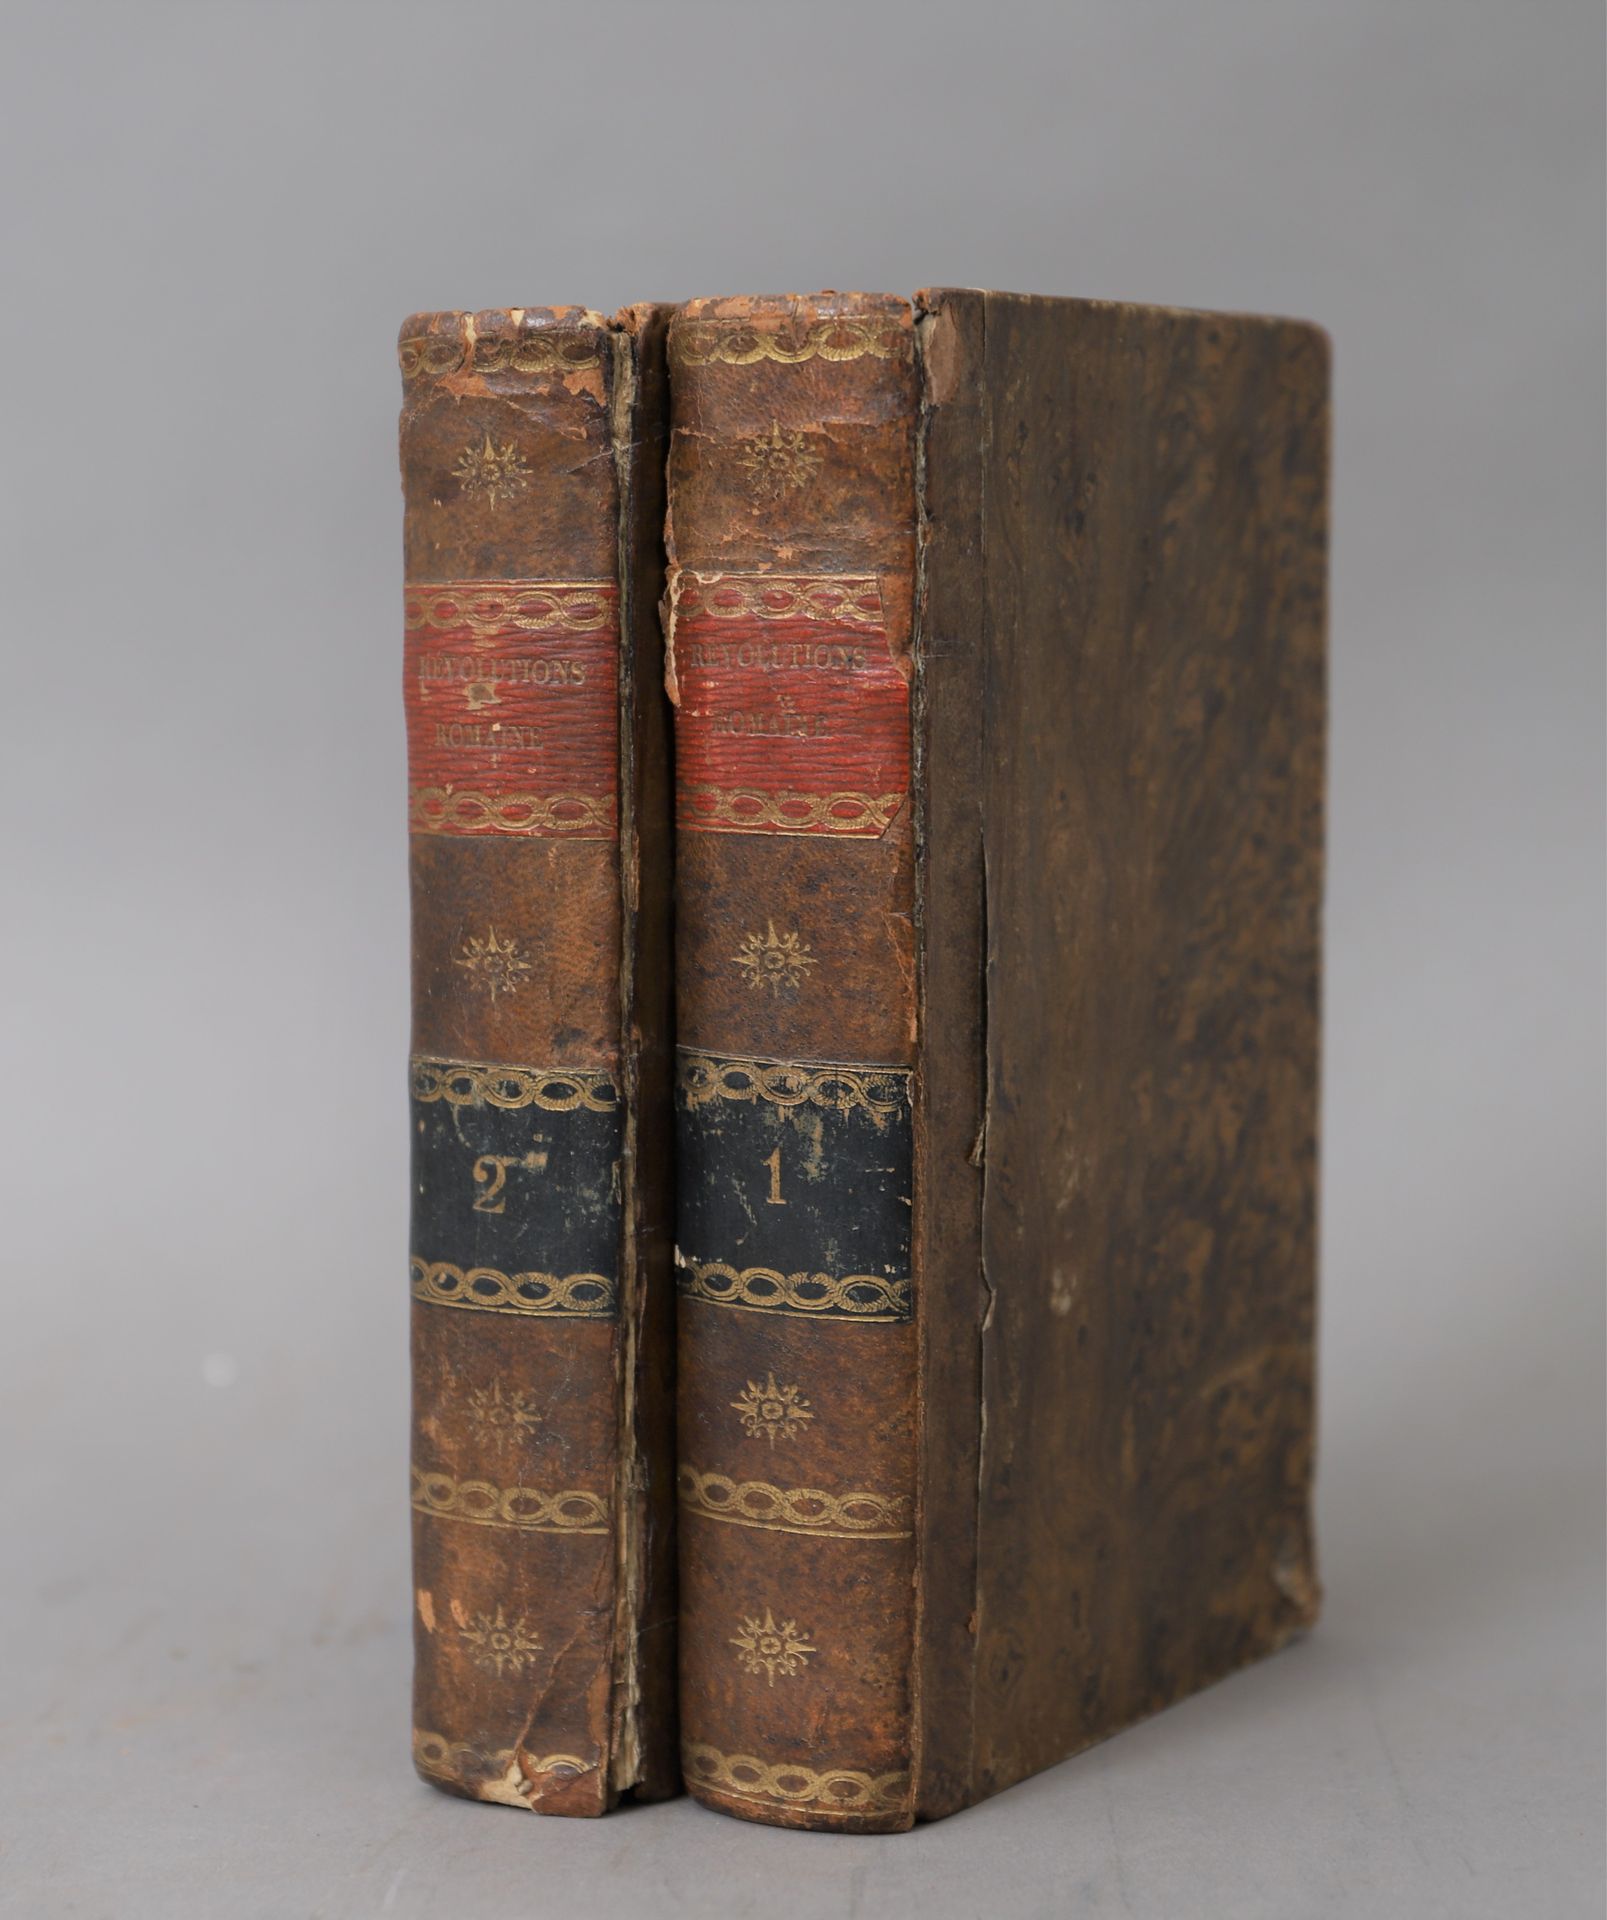 Null HISTORIA de las REVOLUCIONES ROMANAS

1810

2 volúmenes encuadernados.
•••
Work request:
Only the pictures are to be left out; all other material is to be output exactly.

Task response:
 Null HISTORIA de las REVOLUCIONES ROMANAS

1810

2 volúmenes encuadernados.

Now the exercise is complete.